What we would love to have is something like this instead:

No stage promotions but cross-account promotions.

I haven’t played around the Project Variables – the newly introduced feature. Not sure if this new feature can be harnessed to solve the multiple account problem. If anyone has experience with this, please let me know :)

2. Session token support

The AWS SDK supports Session Token – a token that will expire after a certain period, and will be used together with access ID and secrete access key for AWS authentication. This is extremely useful for maintaining large number of IDs and keys. Since Session Token will simply expire, there is much less need to actively delete unused/obsolete IDs or keys.

The last time I checked, Serverless hasn’t incorporated the support for Session Token yet. Would love to have that.

Serverless framework alternatives

Like every framework, it might solve 80% of your problems, but to get the other 20%, things might turn to exponentially difficult, to a point, you even feel like fighting against the framework :)

If you dislike framework that ‘dictates’ your workflow, here are some alternatives to the Serverless framework.

I already mentioned node-aws-lambda from ThoughtWorks studio. It is a Node module to automate the AWS Lambda function deployment. It doesn’t include API endpoint deployment. But with AWS API Gateway Importer from AWS lab, you can create or update API endpoints from a Swagger or RAML document.

For editing CloudFormation templates, IntelliJ has a plugin – AWS CloudFormation support.

My unfinished Gulp script project has some interesting Gulp tasks to validate and upload CloudFormation templates. Deleting, updating, describing stacks, and tracking stack update progress are also included. I haven’t worked on this project for a while, but I believe the majority of the code still work.

Conclusion

Serverless framework is still young, yet it already brought us useful features that simplified the Lambda development. It certainly has room for improvement. The early product feels more limiting in how to organize and name your code assets. The later development has made some parts of this framework more configurable and thus flexible.

There are many times when I questioned myself if we should come up with something else rather than adopting this young and fast changing framework. Our current approach is to stay the course with Serverless. I just feel that it is too early to deviate away from ‘the Serverless way’. Like I said, the framework has some good practices baked in.

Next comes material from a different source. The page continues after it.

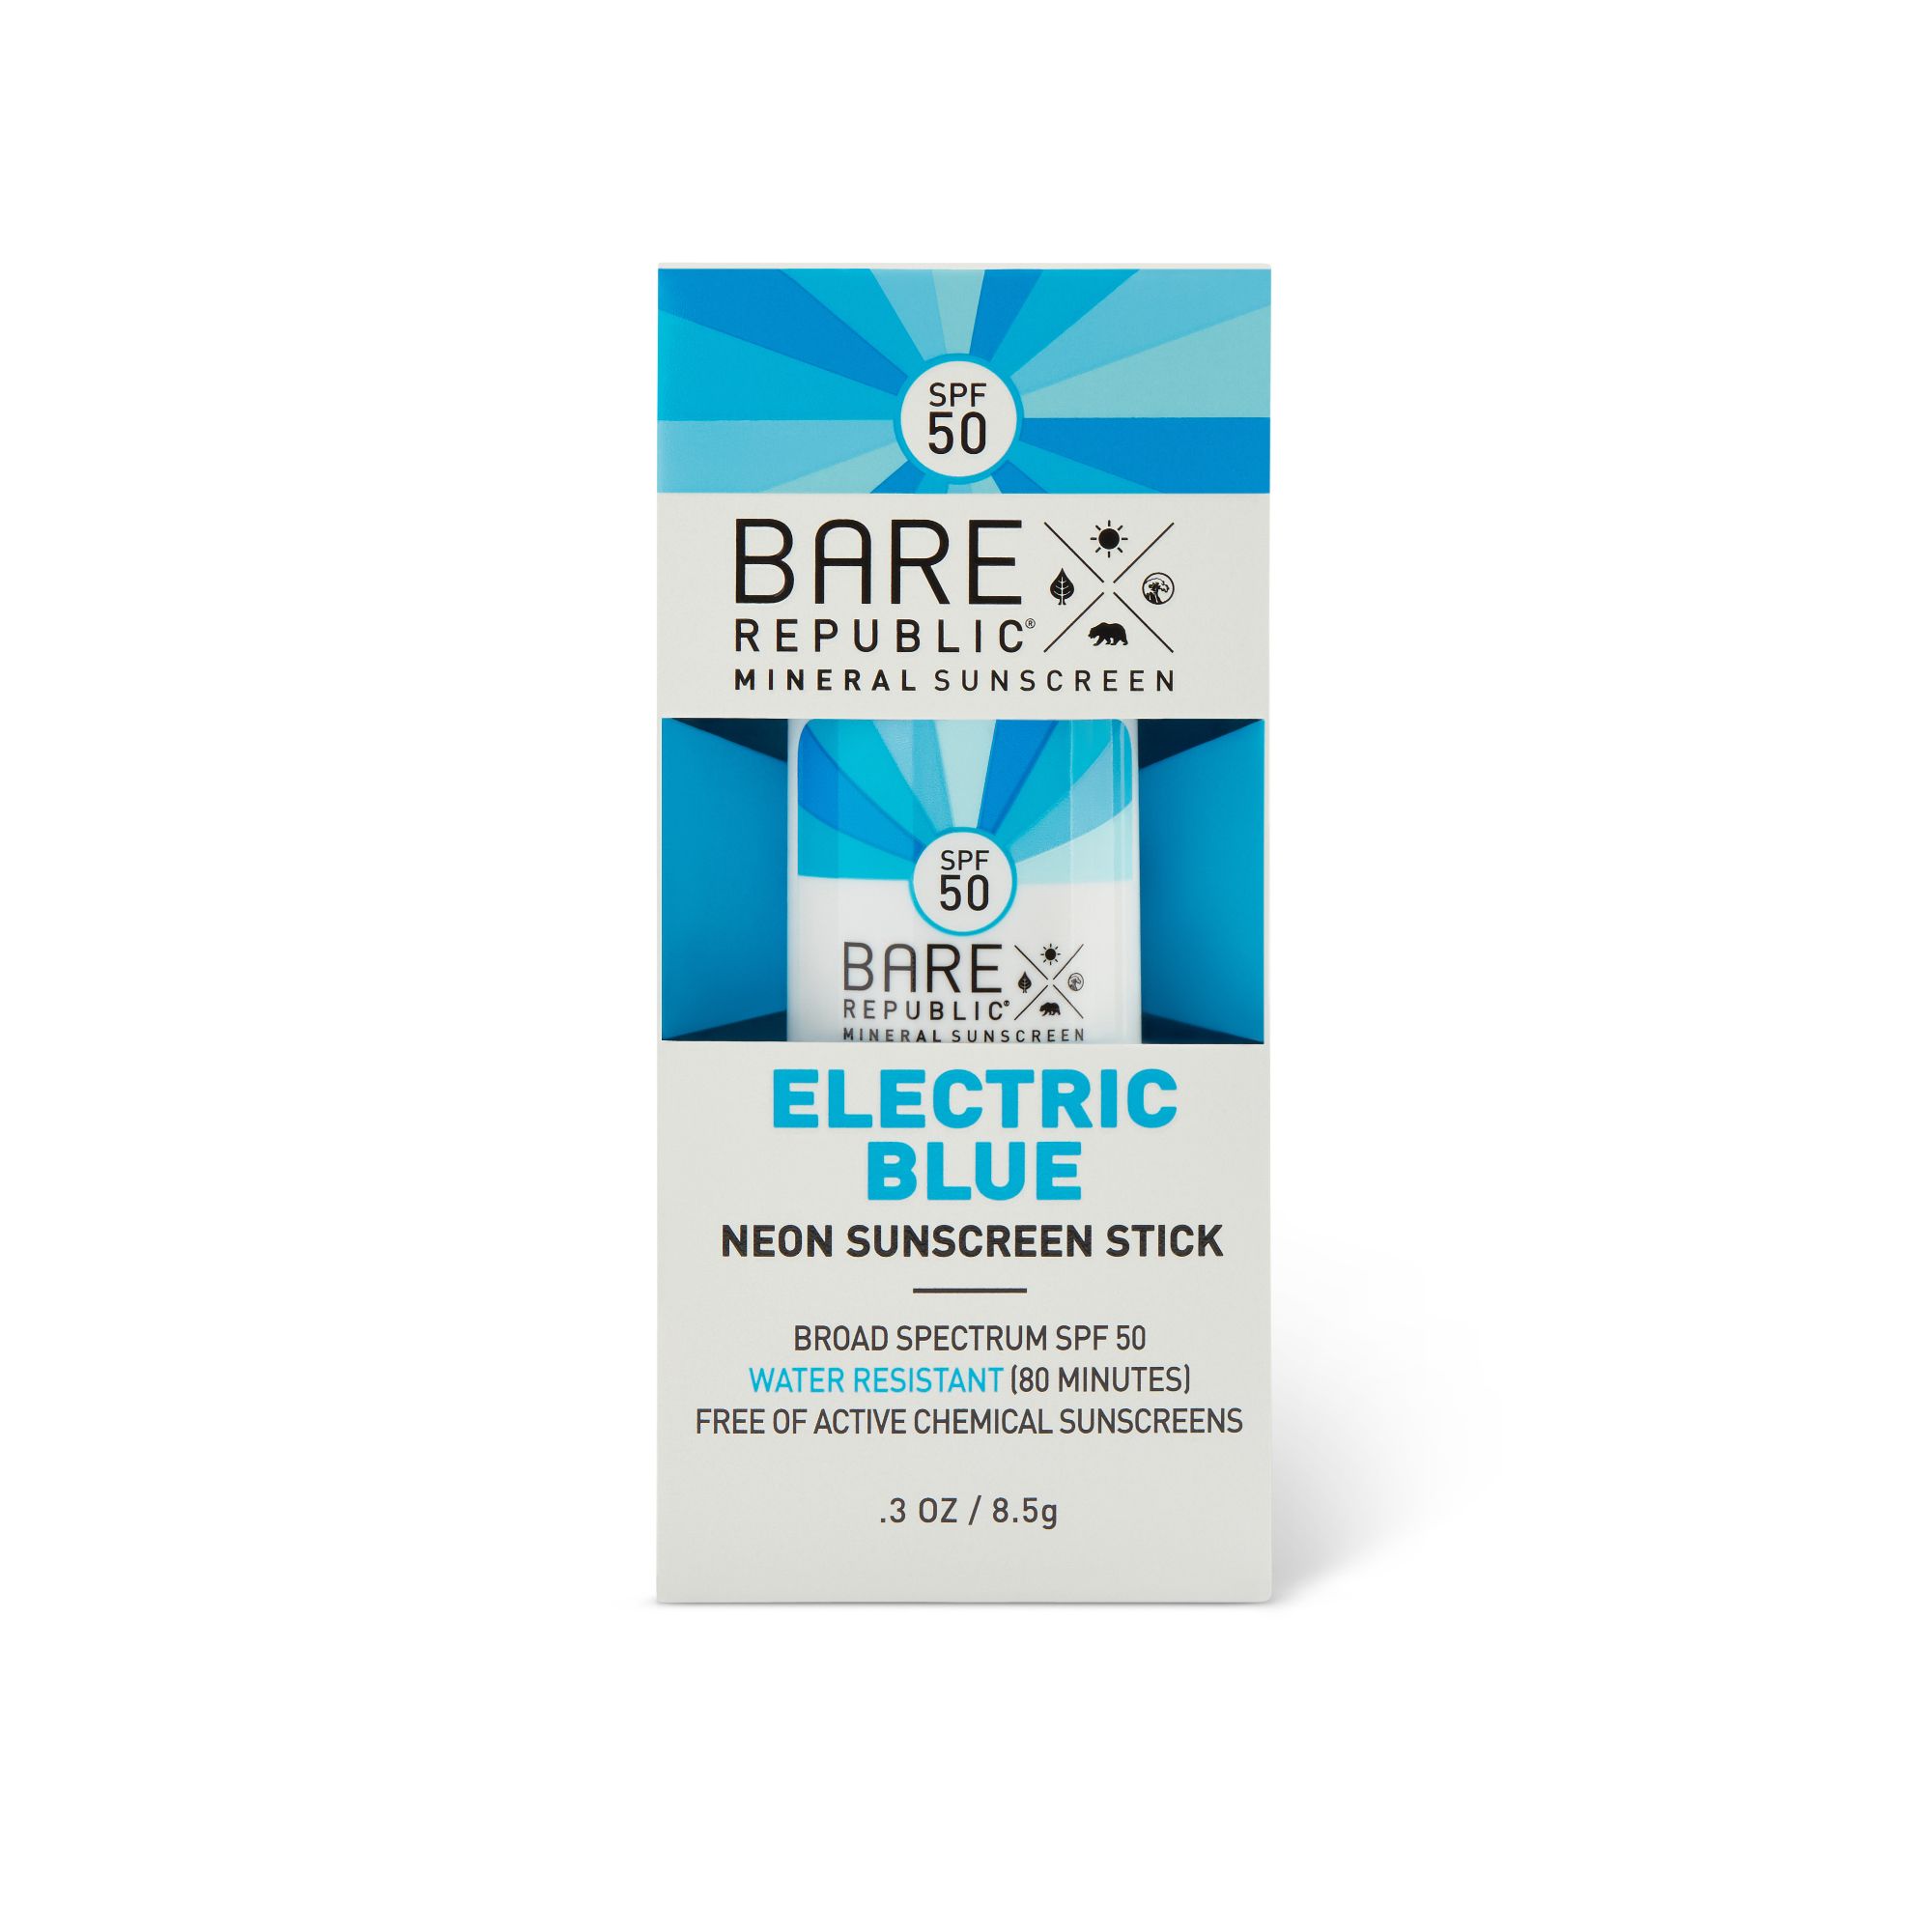 DISCBare Republic Mineral Sunscreen Neon Stick, Blazing Blue, SPF 50 - 0.3 oz
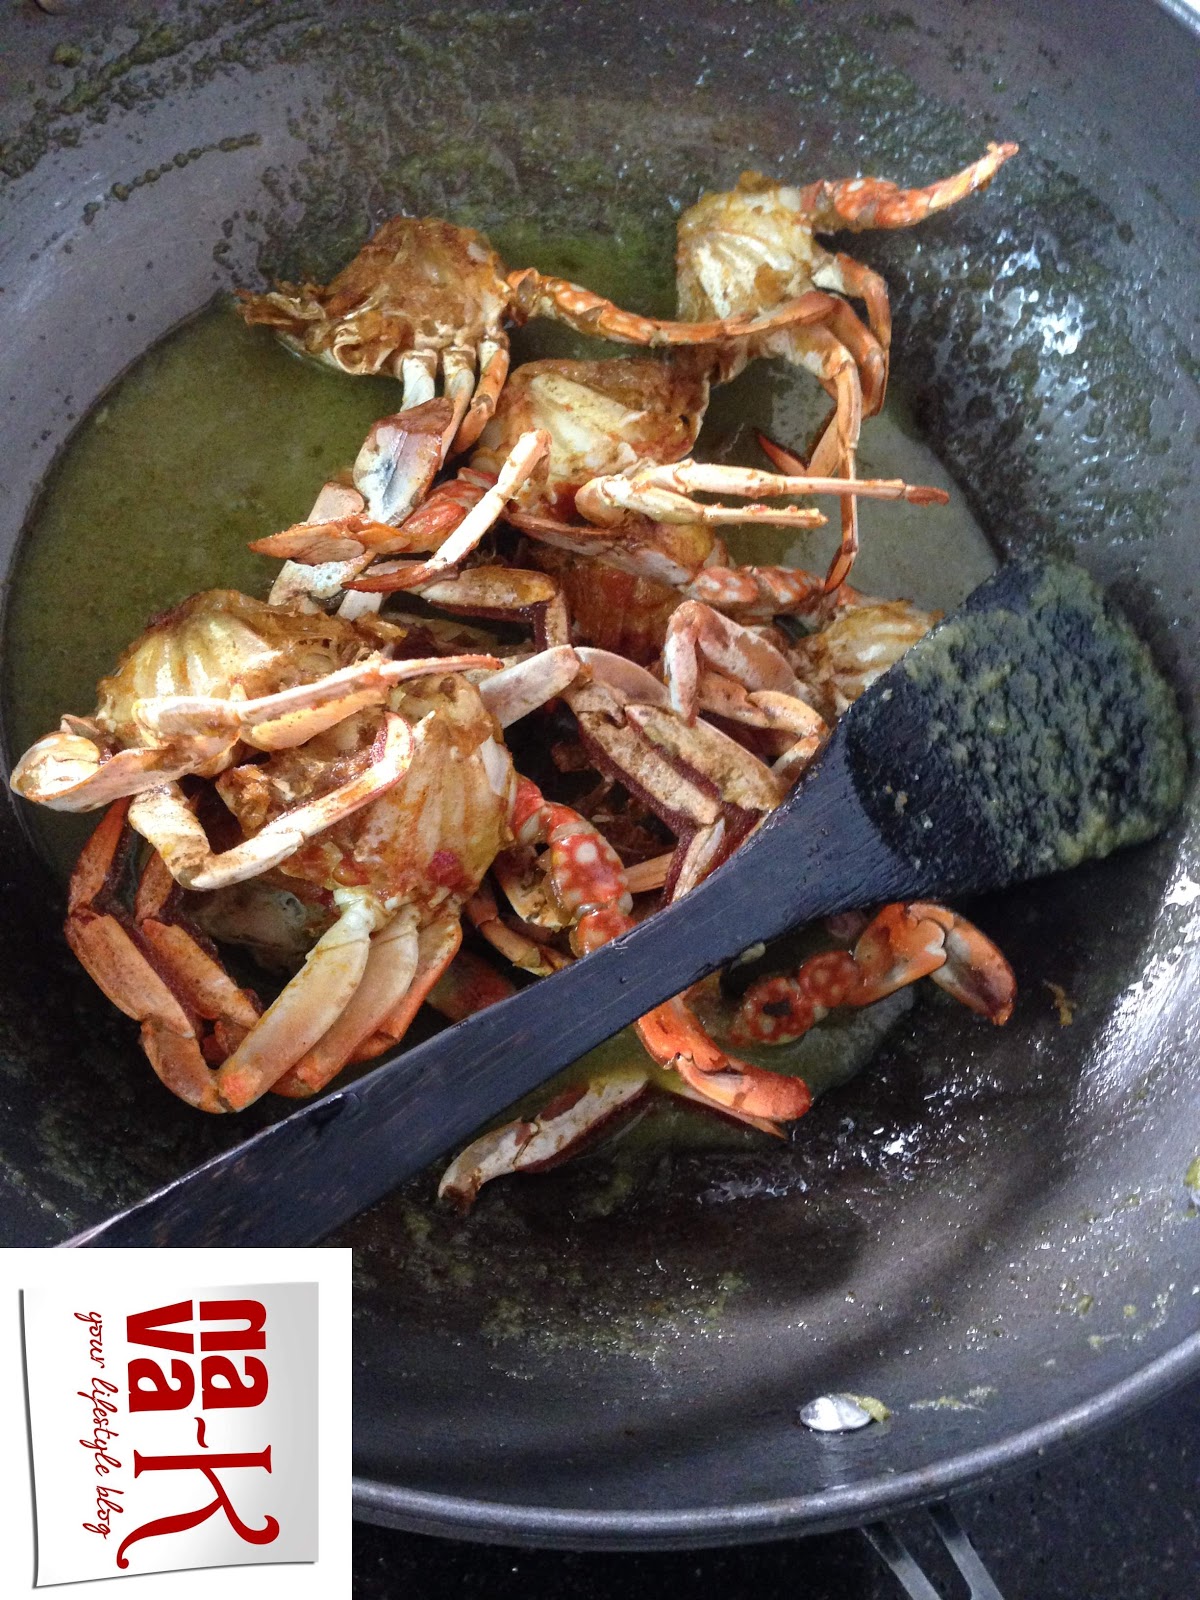 nava-k: Thai Green Crab Curry

If anything is missing, the framework authors and contributors are quite diligent to close the gap. There are 44 contributors after all. The other approach is to contribute to the framework by ourselves. This is what we did at Financial Engines – fork the source, implement a new feature, then submit a pull request. It is a very open-source way to fix issues for ourselves and at the meanwhile evolve the framework.

In the worst scenario, even when we decide to ‘stray away’ from this Serverless framework, we’ve already learned a ton along the way. The journey itself is worth it. And at that time, we might have articulated enough intelligence to confidently develop our own solutions. So far, I feel this time is still far away. The framework is at pre-release stage, and constantly improving. I’d recommend checking out its new features, and involving the open source community.